Thursday, July 13, 2006

GM won't return to employee pricing to boost sales

Friday, July 07, 2006
GM won't return to employee pricing to boost sales
Brett Clanton / The Detroit News

After letting a no-interest financing promotion expire Wednesday, General Motors Corp. is resisting the temptation to roll out another big summer sales promotion -- for now.

GM told dealers this week it will reinstate until July 18 the rebates and low-interest financing deals that were in place before the automaker’s “GM 72 Hour Sale” launched nationwide on June 27.

The automaker has not said what it will do after that. But officials are clear on one point.

“We have no intention of going back to employee pricing,” said GM spokesman John McDonald.

Last summer’s employee-pricing-for-everyone promotion was hugely successful for GM. But the automaker said in January that it wants to move away from big discount programs, which erode resale values and confuse consumers. Instead, its goal is to price vehicles closer to what customers actually pay.

But sticking to the strategy may prove difficult this summer.

DaimlerChrysler AG’s Chrysler Group has a new employee-pricing deal that offers zero-percent financing and a 30-day return guarantee. And Ford Motor Co. has a program that offers cash rebates, no-interest financing and free fuel for six months on most Ford vehicles. Both programs expire at the end of July.

Some GM dealers wonder whether GM will be forced to offer a more aggressive discount plan in coming weeks if Ford and Chrysler draw buyers with their promotions.

But Tom Waurishuk, sales manager at a Saturn dealership in Stamford, Conn., hopes GM sticks to its guns and tries to get off the incentive roller coaster.

“You can’t keep doing it,” he said, “because it’s a never-ending cycle.”

GM’s lower-rebate strategy has had mixed results so far this year. While customers are paying slightly more for GM vehicles and residual values of some models are improving, the company’s sales are down more than 12 percent through June.

Yet the automaker may have gotten a boost from its 72-hour sale, which expired July 5. That program, which offered zero-percent financing for 72 months on most 2006 models, was a runaway success, said GM dealers.

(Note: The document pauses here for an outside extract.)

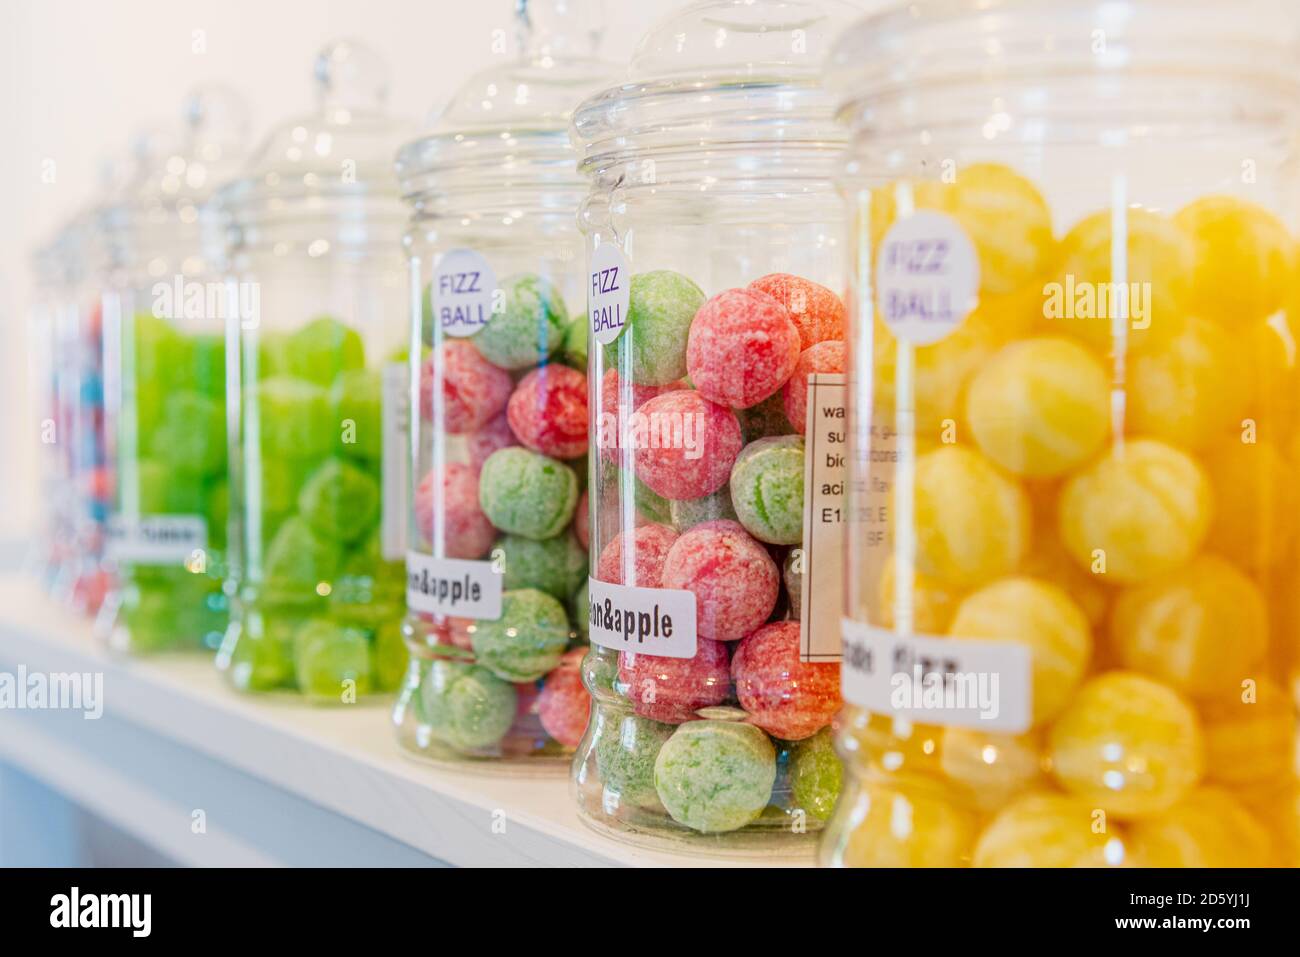 Bocaux en verre étiquetés de sucreries vertes, jaunes, rouges et bleues sur une étagère blanche dans un magasin de sucreries. Banque D'Images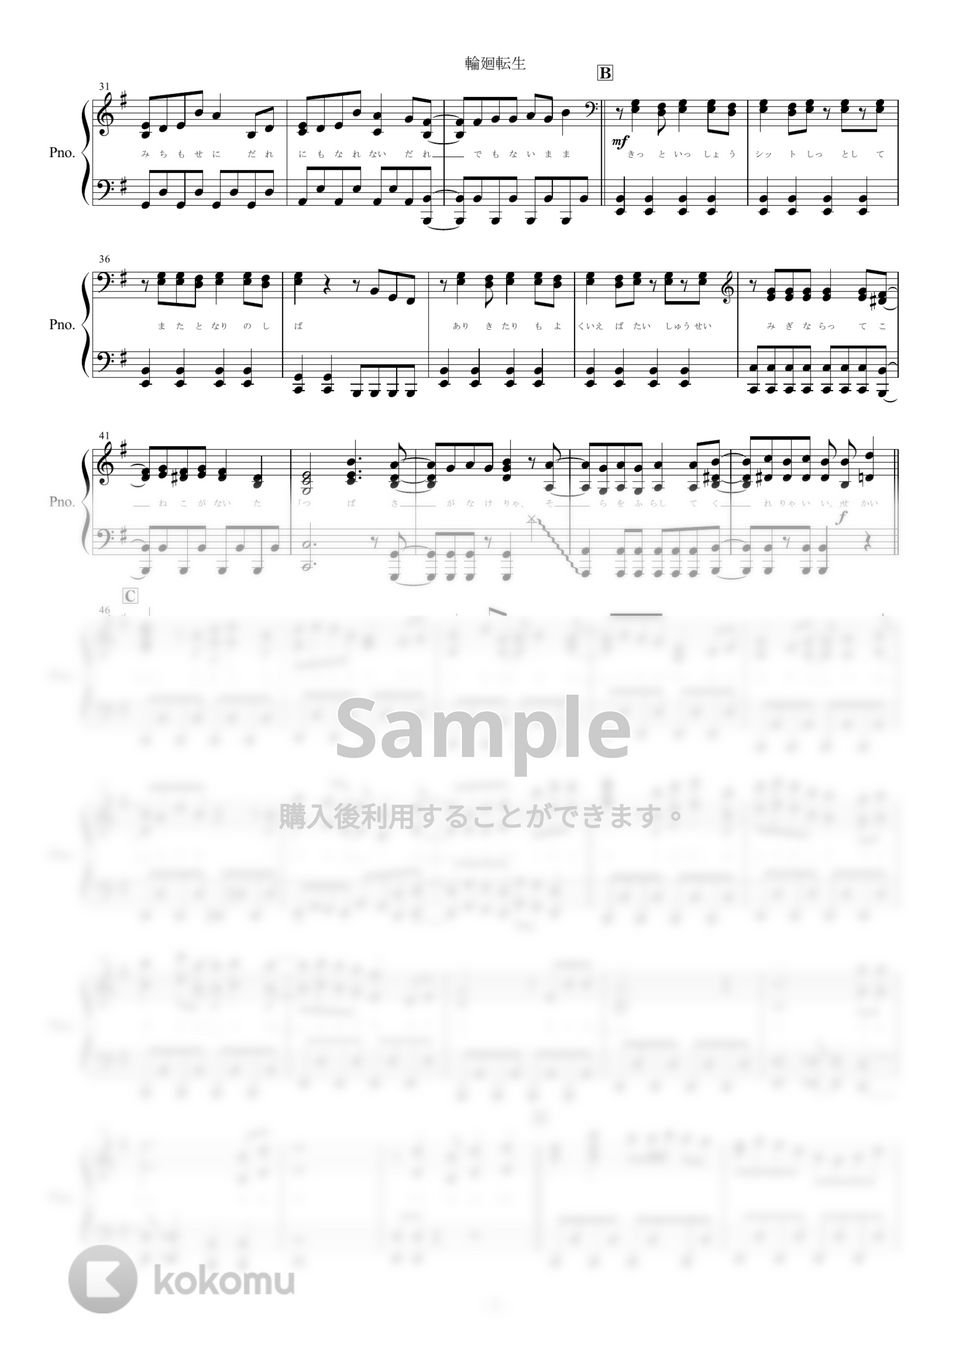 まふまふ - 輪廻転生 (ピアノ楽譜/全６ページ) by yoshi

Steve Cook, owner of Cook GM Superstore in Vassar, Mich., said the program turned what is traditionally a slow week into a hot one. Cook said he usually sells about eight new vehicles during the first week of July.

“This year, I’m pretty darn close to 40.”

And while the campaign has expired, it is still luring buyers, he said.

Tammy Hess, 30, said the promise of a good deal helped sway her to purchase a 2006 Chevy Malibu sedan on Friday.

“I had been looking for a while,” she said, “and then I heard about the deals.”

GM will continue to offer zero-percent financing for 72 months on select 2006 model-year SUVs, including the Chevy Trailblazer and Chevy Trailblazer. Cash rebates or low-interest rate deals are also available on most 2006 models, and some 2007 vehicles.

The automaker is trying to reduce its overall incentive spending as part of a sweeping turnaround plan. But GM’s McDonald said the company will keep offering “tactical” rebates in competitive vehicle categories as needed.

Detroit automakers all increased their incentive spending in June as they entered the busy summer selling season, according to Santa Monica, Calif-based industry research firm

Compared with the month before, GM’s spending rose by $424 to $3,185 per vehicle sold. Chrysler's incentives spending was up $100 to $3,768, and Ford's was up $438 to $3,647 per vehicle sold.

But industry wide, the firm said, incentive spending is down 9 percent from a year ago.